Softlandia background



Tools of the AI engineer

Large language models (LLMs) are shaping the way how AI applications are developed. They’ve found applications in many tasks, and the coolest thing right now is the autonomous agents that are being built! 

Behind the success of LLMs is their ability to “understand” and generate text. We communicate via text a lot, and perhaps most importantly, we write code and instructions to our computers as text. Thus, the capability to manipulate text gives LLMs a wide selection of tools to interact with us and with each other, boosting productivity and solving challenging problems.

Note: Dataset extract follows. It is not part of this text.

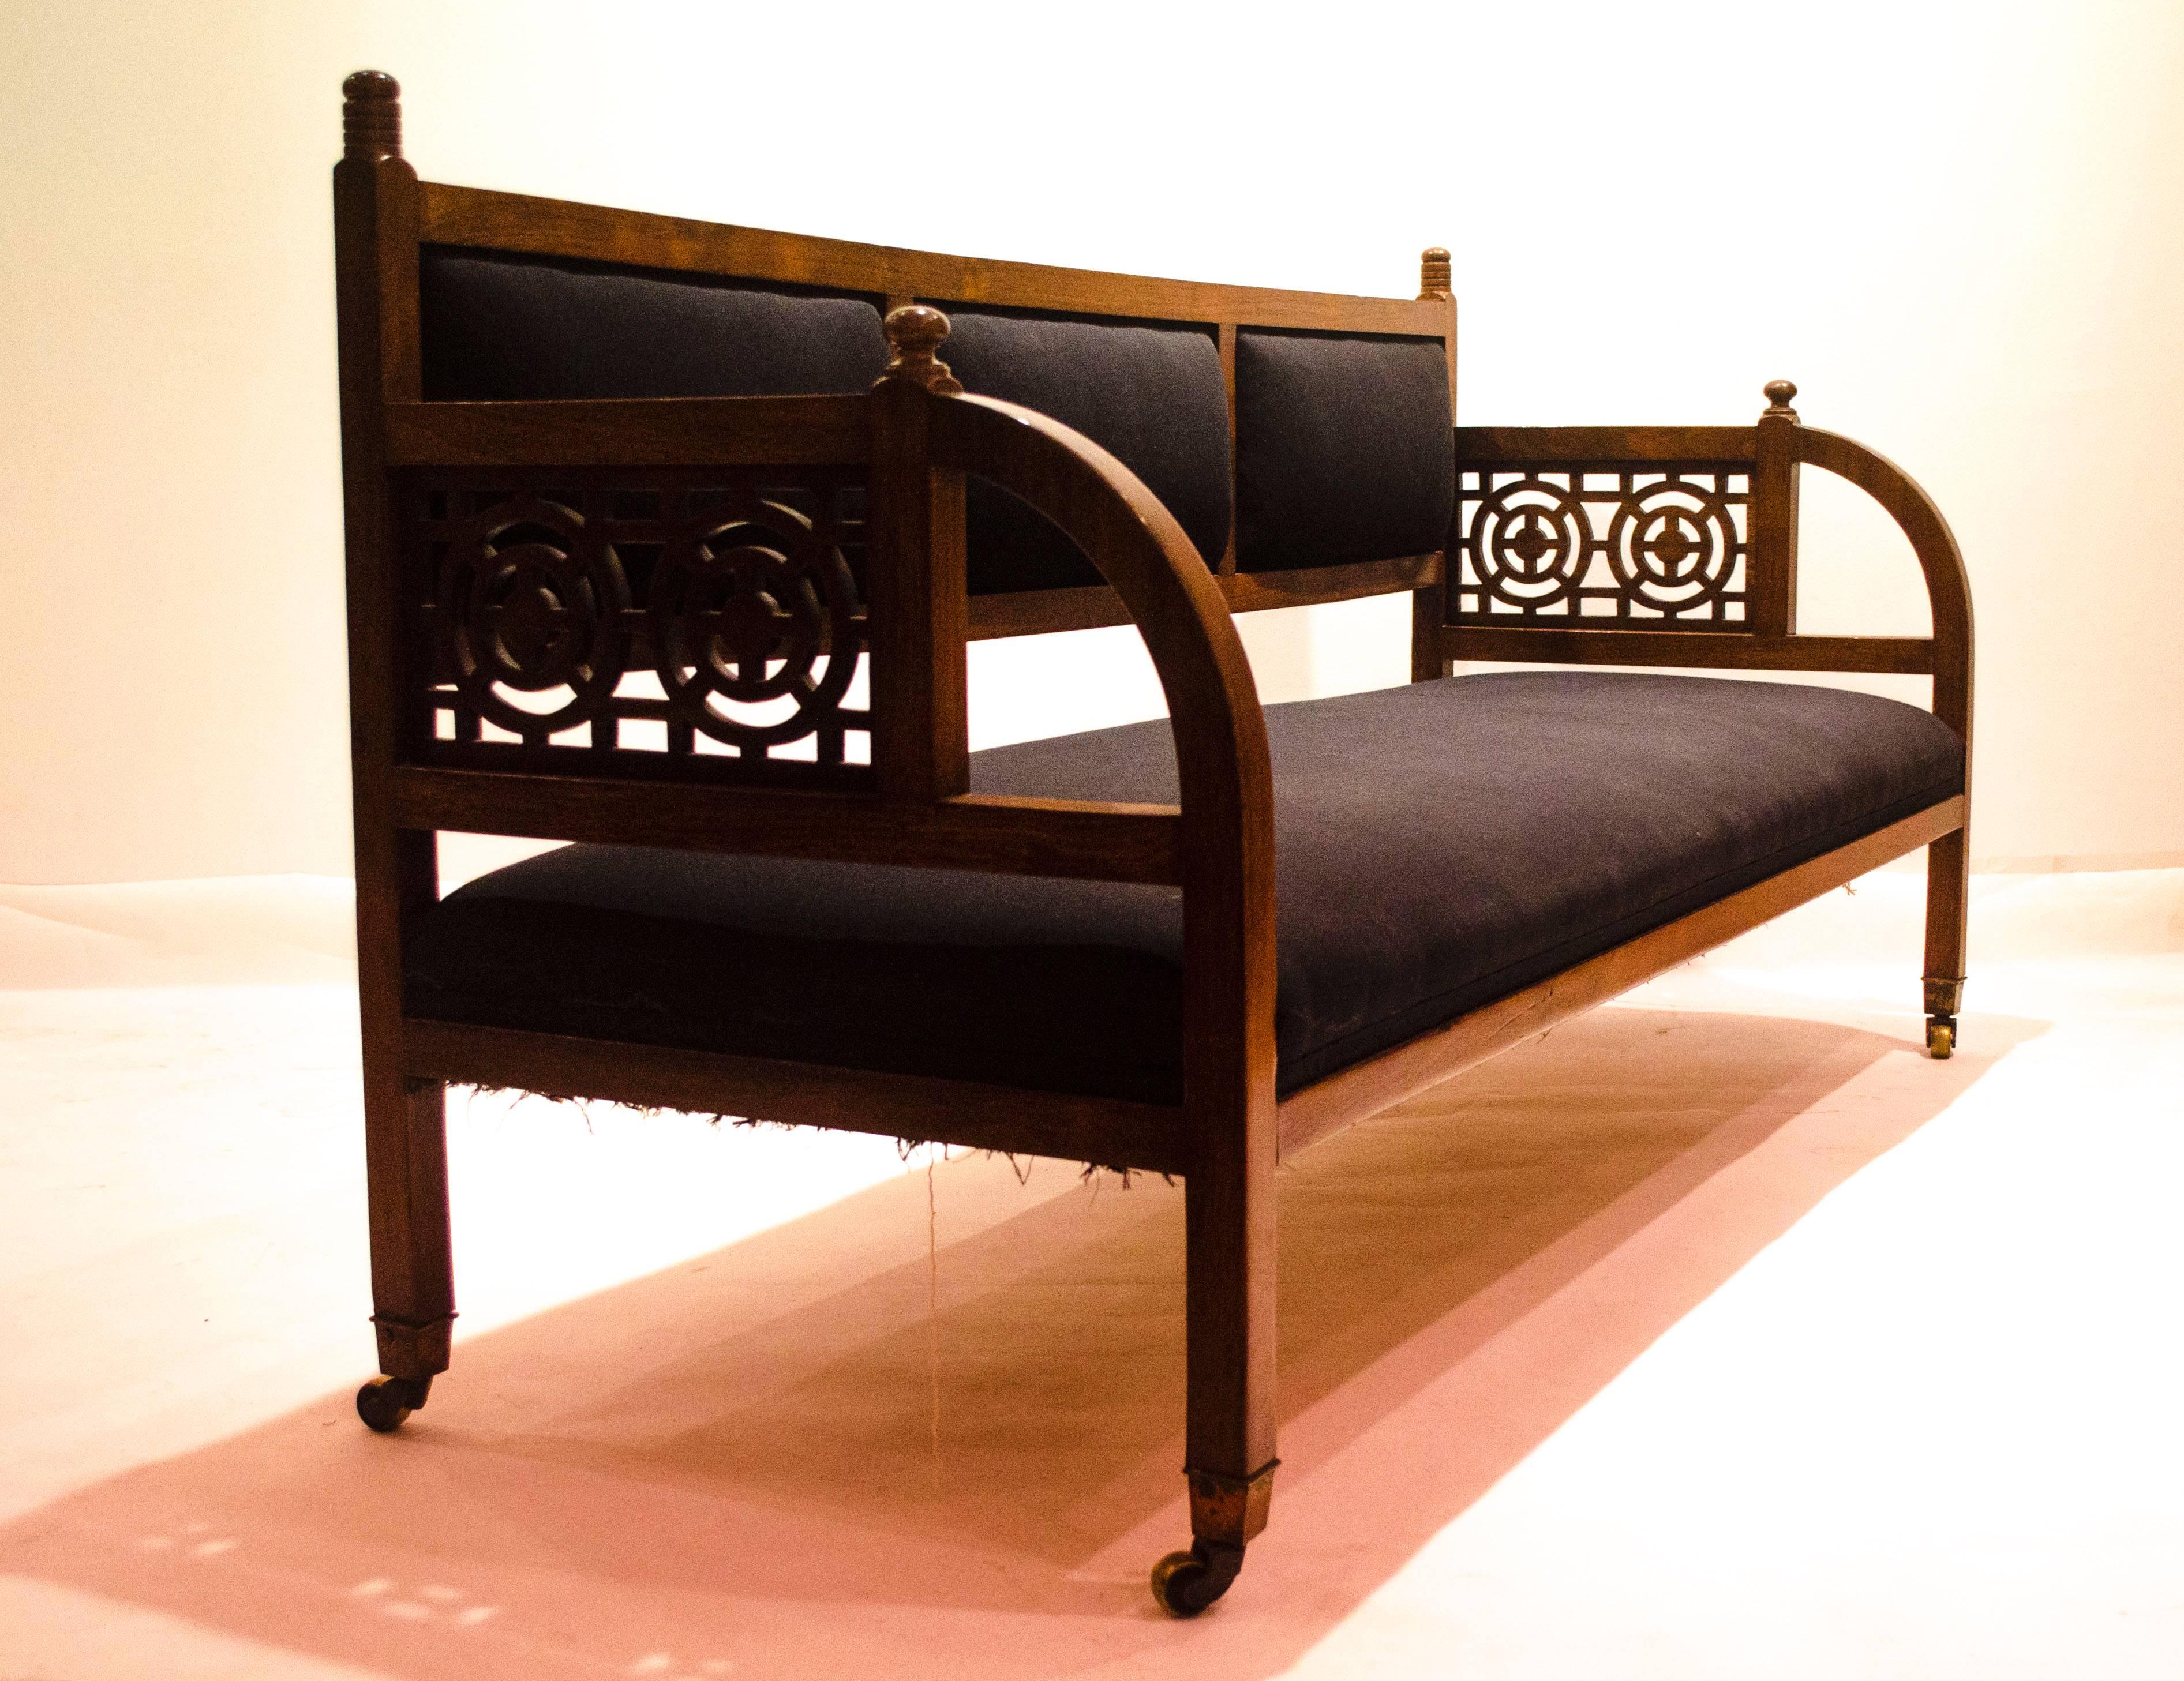 Edward William Godwin. A rare Anglo-Japanese walnut settee originally designed for Dromore Castle, County Limerick, for Lord Limerick.
A similar example of the present lot is in the collections of the Victoria and Albert Museum, London and Bristol

In this blog post, we’ll give a practical tutorial to building your own LLM-based applications. Specifically, we’ll focus on building an AI that uses your private data to perform tasks. Our task of choice here is extracting structured information from text documents. The example can easily be adapted to chat-like interactions or more generative tasks as well.

We’ve previously shared some of our favorite tools in the NLP scene as well as written about the skill set for developing AI applications. It is the applied AI engineer who will be building AI-enabled solutions on top of foundation and multi-modal models and fine-tuning them to meet specific industry needs. In the following, we will break down the process of building an AI product, as well as describe tools to deliver great results.  

As an example, when we want LLMs to do something based on our private data, we’ll often provide that data as context to the LLM queries. But since LLMs can handle only a limited amount of text in a single call, we need clever strategies to make sure all the relevant context information gets to the LLM. We’ll demonstrate the necessary tools here.

We’ll build an application that scrapes, embeds, stores, retrieves, analyzes and validates data. Specifically, we 

  1. scrape some blog posts

  2. compute vector embeddings of the scraped content

  3. store that data in a vector database for semantic retrieval

  4. query the data with free-form text

  5. use the data with LLMs to perform a task

  6. make sure we get structured JSON as a response! 

We’ll be using Qdrant,, Llama-index (GPT-index), LangChain and OpenAI. You can find the code of the complete application in our Github repository 

If this topic interests you, we have a free event (on-site + online) coming up. It's an LLM special in our data science infrastructure series, sign up here: 🤩

Now, we’ll go hands-on.

building an AI-powered blog-analysis tool 🛠️ 

We start by loading environment variables from a .env file, which keeps sensitive API keys secure. It also stores some LLM settings, which makes it handy to change models in cloud deployments, for example:

chunk_len = 256
chunk_overlap = 32
doc_urls = [

# Setup OpenAI, we have these settings in a .env file as well
openai.api_key = os.environ["OPENAI_API_KEY"]
embedding_model = os.environ["EMBED_MODEL"] # text-embedding-ada-002 most likely
text_model = os.environ["TEXT_MODEL"# text-davinci-003 most likely

The code sets a list of URLs to the blog posts that are to be analyzed. chunk_len and chunk_overlap are needed to overcome one limitation of LLMS: the number of tokens that the model can consume in a single call is limited. Hence, we split the blog post texts into small chunks that can be easily fed to LLMs.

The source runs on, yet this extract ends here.